**AIM OF THE TASK**
Take the lines in the listing below from the line with "MDA-MB-468 epithelioid cells人乳腺癌细胞系" up to and including the line with "mug-tasse-ther" and set them down exactly, skipping pictures and adding nothing.

**DATA UNDER STUDY**
BEGIN

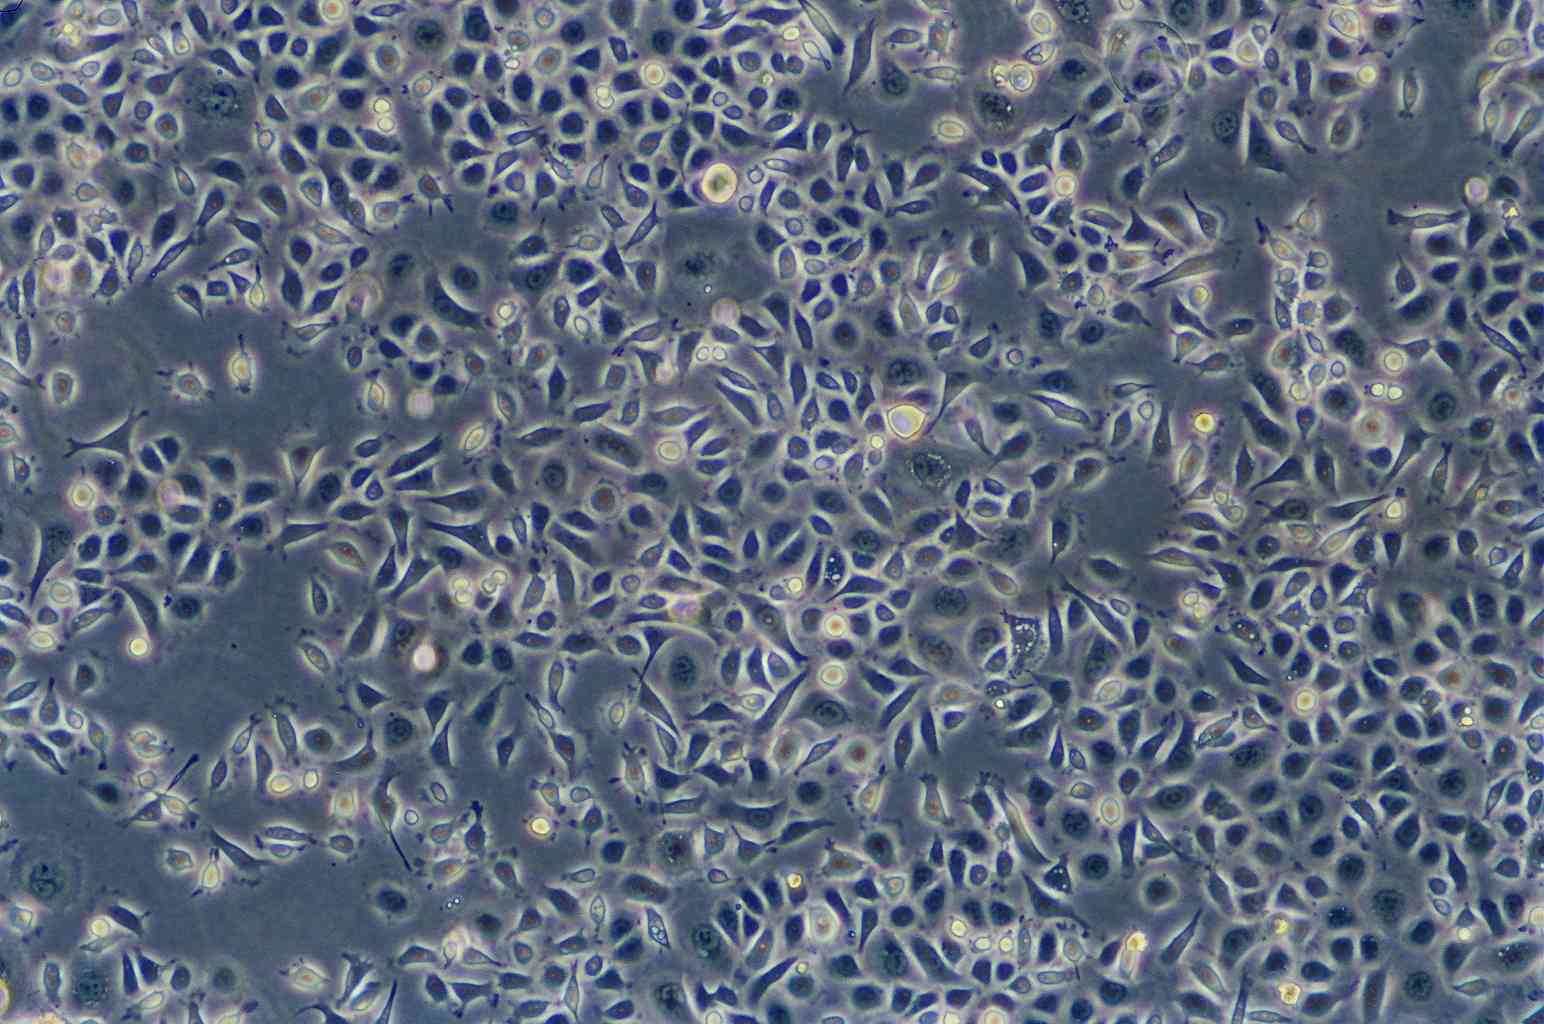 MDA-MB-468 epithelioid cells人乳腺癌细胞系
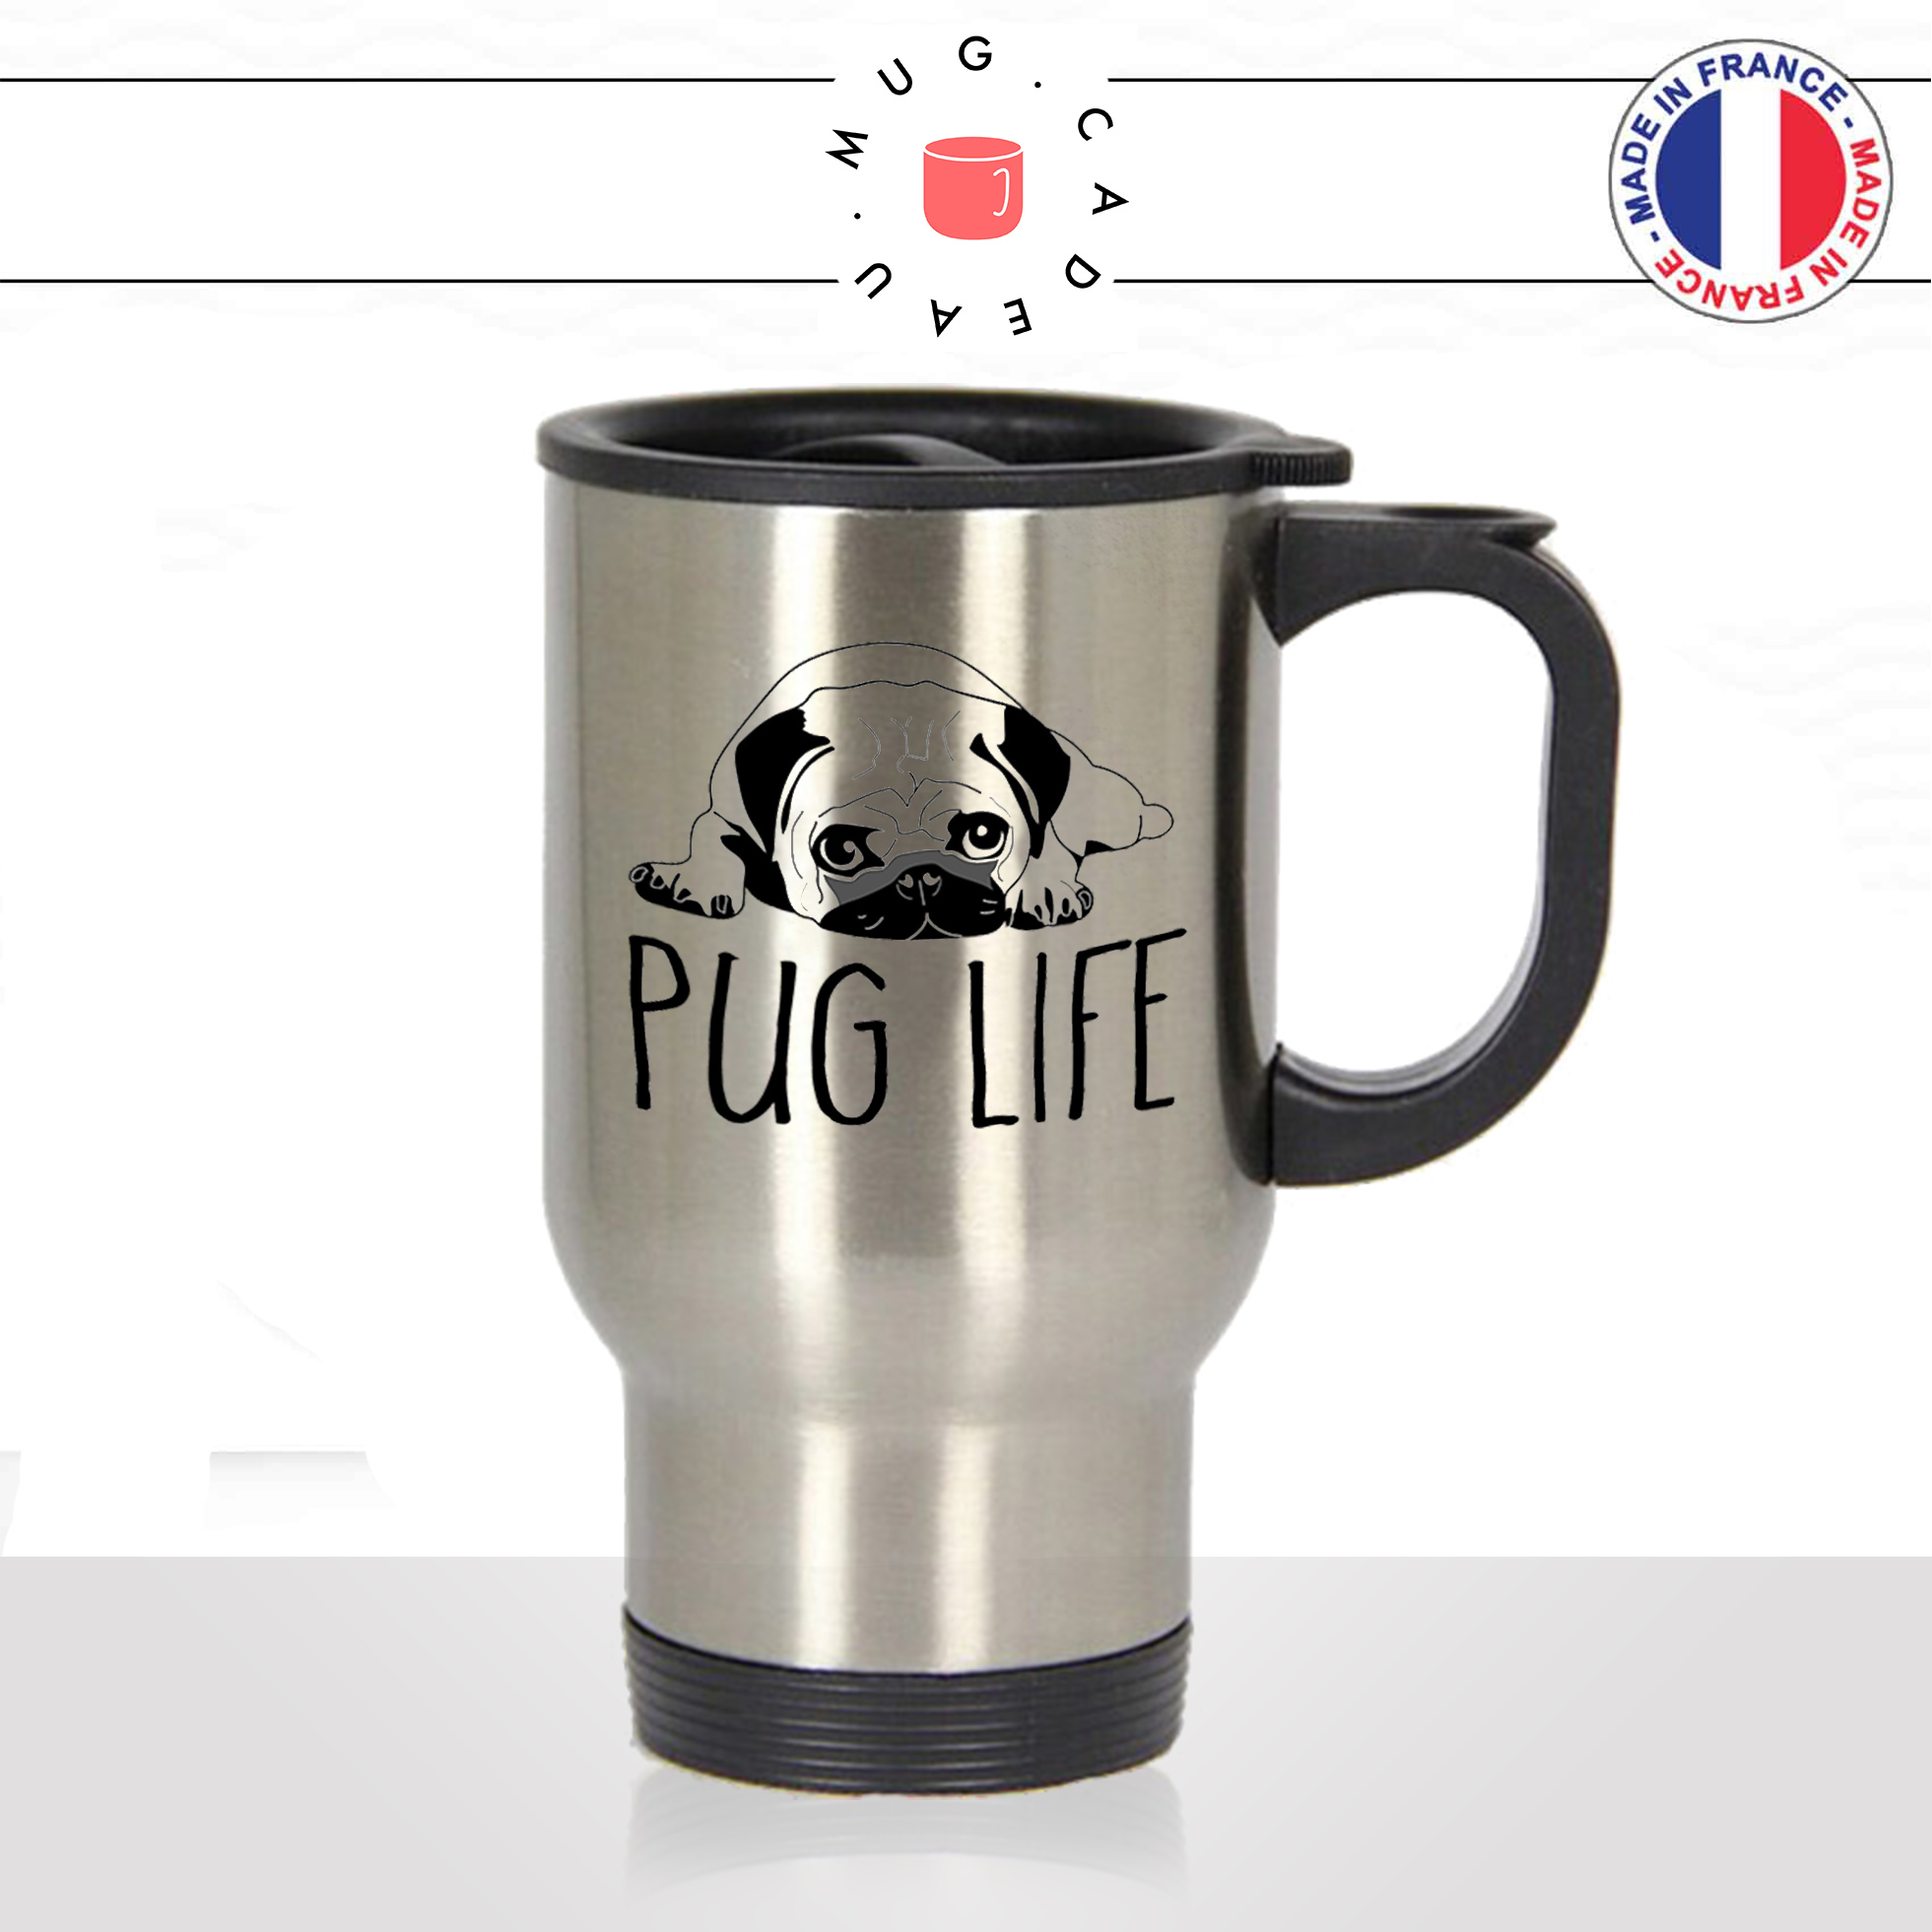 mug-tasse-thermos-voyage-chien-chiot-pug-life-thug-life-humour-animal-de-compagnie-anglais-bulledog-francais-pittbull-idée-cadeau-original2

END
BEGIN

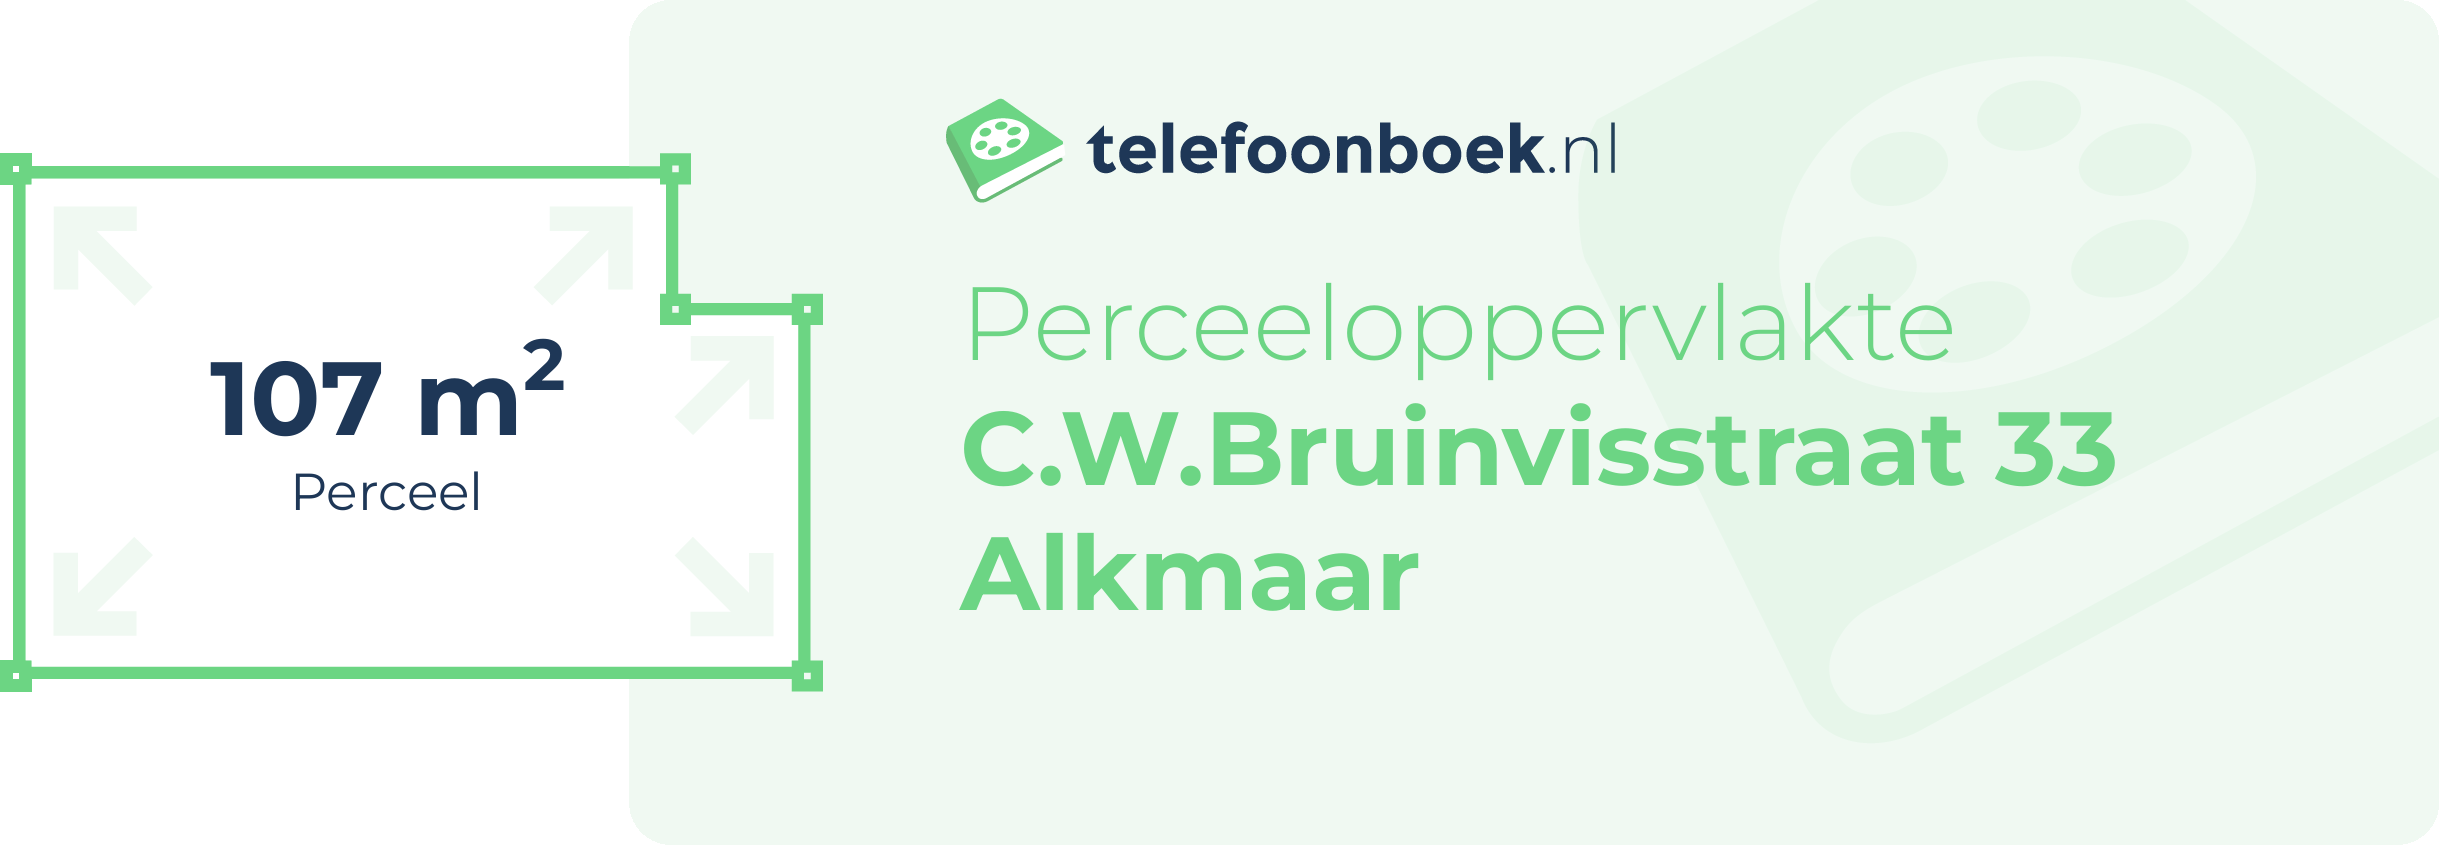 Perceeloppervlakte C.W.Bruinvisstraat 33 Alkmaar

END

**FINAL ANSWER**
 MDA-MB-468 epithelioid cells人乳腺癌细胞系
 mug-tasse-thermos-voyage-chien-chiot-pug-life-thug-life-humour-animal-de-compagnie-anglais-bulledog-francais-pittbull-idée-cadeau-original2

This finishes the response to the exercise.